By Kip Tabb | Outer Banks Voice on June 17, 2020
The original Cotton Gin in Jarvisburg burned down in a massive blaze last October. There’s not much left of it now, just a building on the north end that was the least damaged. Work is now underway to save that one section of an iconic piece of Currituck history as the process of working toward an eventual re-opening begins.
“It’s been pretty challenging because that was pretty bad fire. It’s next spring at best,” Tommy Wright, owner of the Cotton Gin said, referring to a re-opening.
The first step is cleaning up the site, a project that involved considerable time and significant expense. At their June 15, meeting, the Currituck County Commissioners voted unanimously to authorize an economic incentive grant of $16,300 to offset the cost of cleaning up the site.
“There was trash and debris that had to be removed,” Larry Lombardi, Economic Development Director for the county said. “And so, there were tipping fees involved.”
As Lombardi explains, in the past, companies in the same situation would have asked to have their tipping fees waived, but the Wright family cleaned the site and paid for the removal of the debris. He said the grant is meant to help move the rebuilding effort forward and hopefully regain the jobs that were lost because of the fire.
“There were thirty-four jobs they had prior to the fire, so they’ll be bringing back those jobs,” Lombardi said, adding that for the county, the grant was an important investment in workplace experience as well as jobs.
It is unclear what the new Cotton Gin will look like. The surviving structure on the north end will be a part of it, with local architect Chris Nason helping to preserve it. Beyond that, though, everything is still in the planning stages.

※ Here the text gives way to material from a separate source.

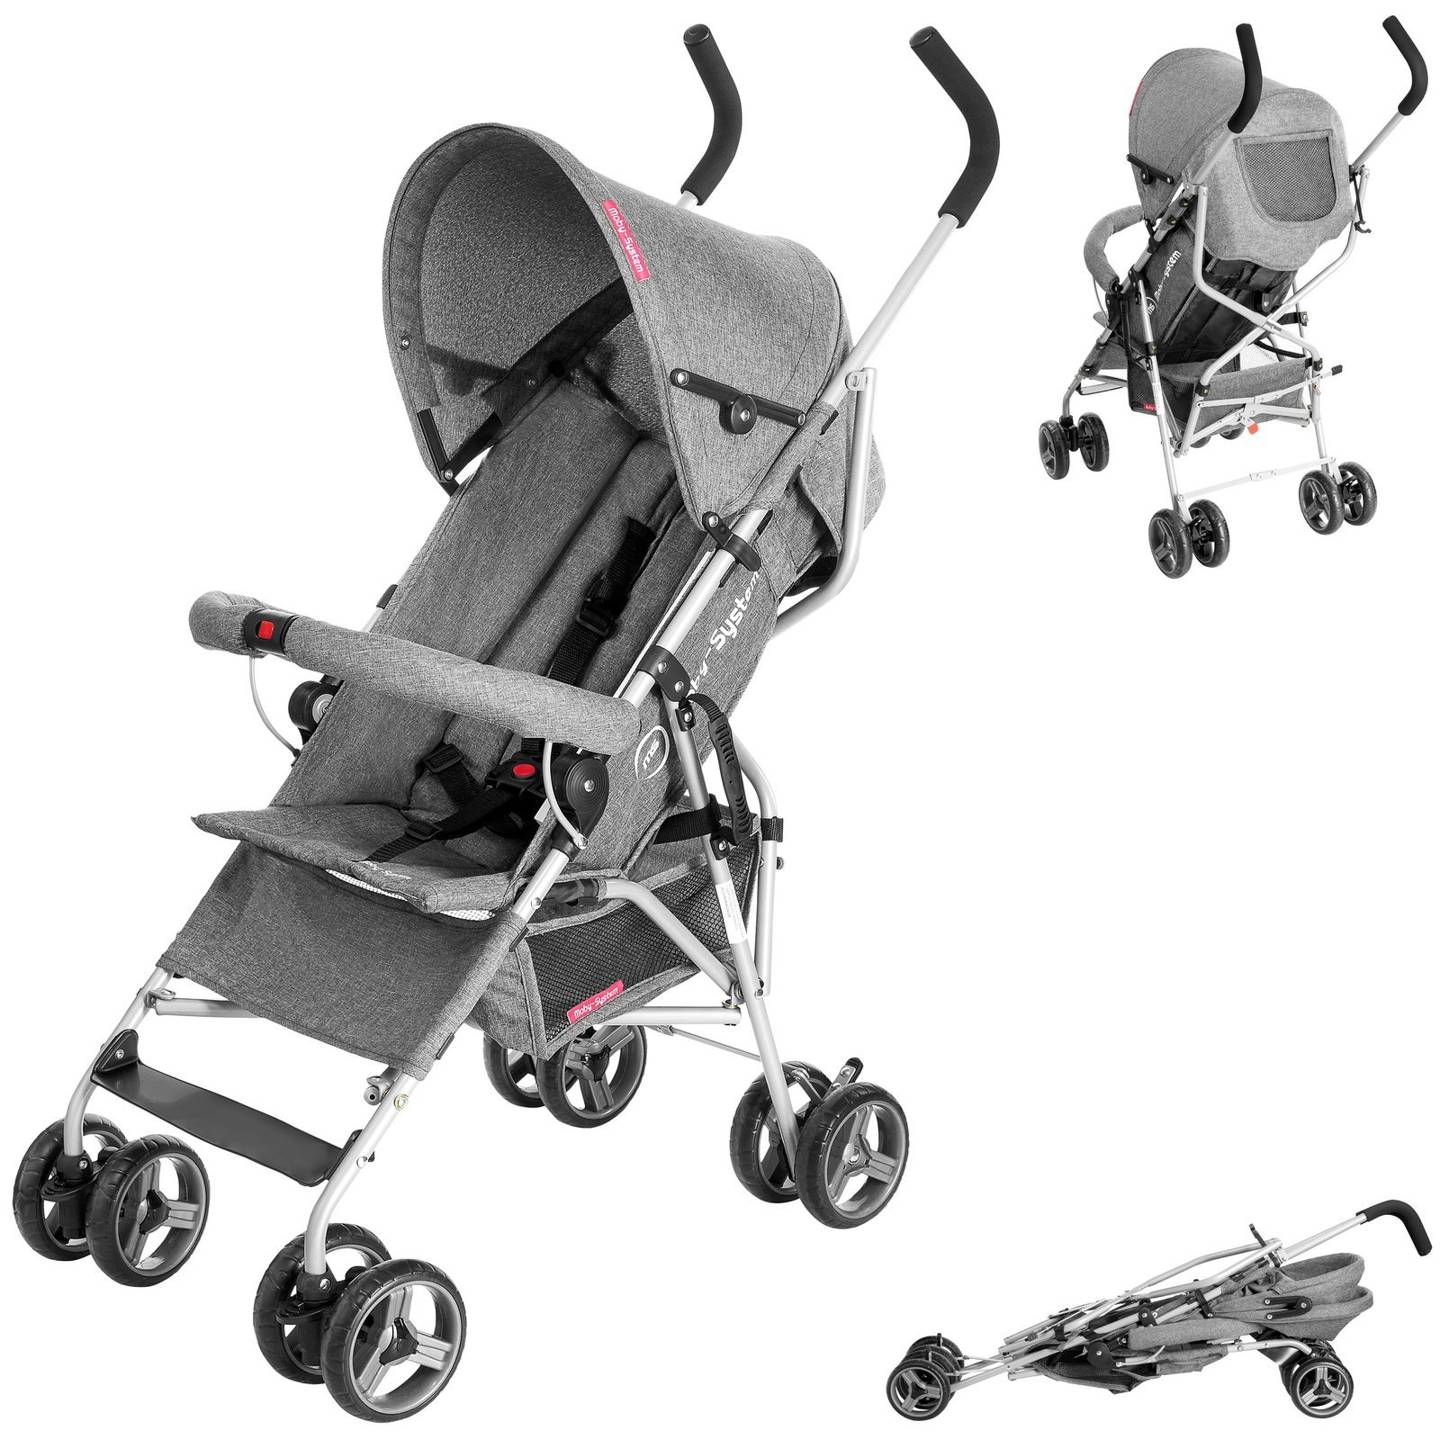 Barton baby stroller - grey

“We’re working on another building, but not with the same architect.” This architect “does buildings for out in the country or a rural area,” Wright said.

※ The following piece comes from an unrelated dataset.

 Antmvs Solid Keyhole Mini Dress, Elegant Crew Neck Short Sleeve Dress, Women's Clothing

Whatever the design of the new building, it will not be the original Cotton Gin. That building was a rambling world of multiple levels, but not quite a two-story structure. On each level, in nooks and crannies, there was something new to be discovered — a book that had been out of print for five years; a classic iron skillet; a room filled with Christmas sweaters.
That feeling cannot be recaptured, Wright said. “Whatever it is…it’s going to be pretty hard to have that magic. That was an accumulation of like thirty or forty years of winters.”
The new Cotton Gin will also have to reflect the current realties of retail. That original store, with its rambling world of discovery, created its own mystique. But increasingly brick and mortar — and wooden — stores are finding it difficult to compete against online services. As Wright explains, whatever replaces the original building will have to reflect the new reality.
“The buildings could have some food. They could have places for people to meet and events in the future,” he said. “I’d like to do something magical about retail but …retail is really hard and if I had some easy answer, obviously we would be looking at something new or different.”
Yet in spite of the difficulties, rebuilding the Cotton Gin is moving forward. And as Wright notes, after more than 50 years in business, there is a large community waiting for it to rise from the ashes.
“There seems to be a lot of communal interest that something be brought back,” he said. “People have that memory of what it was.”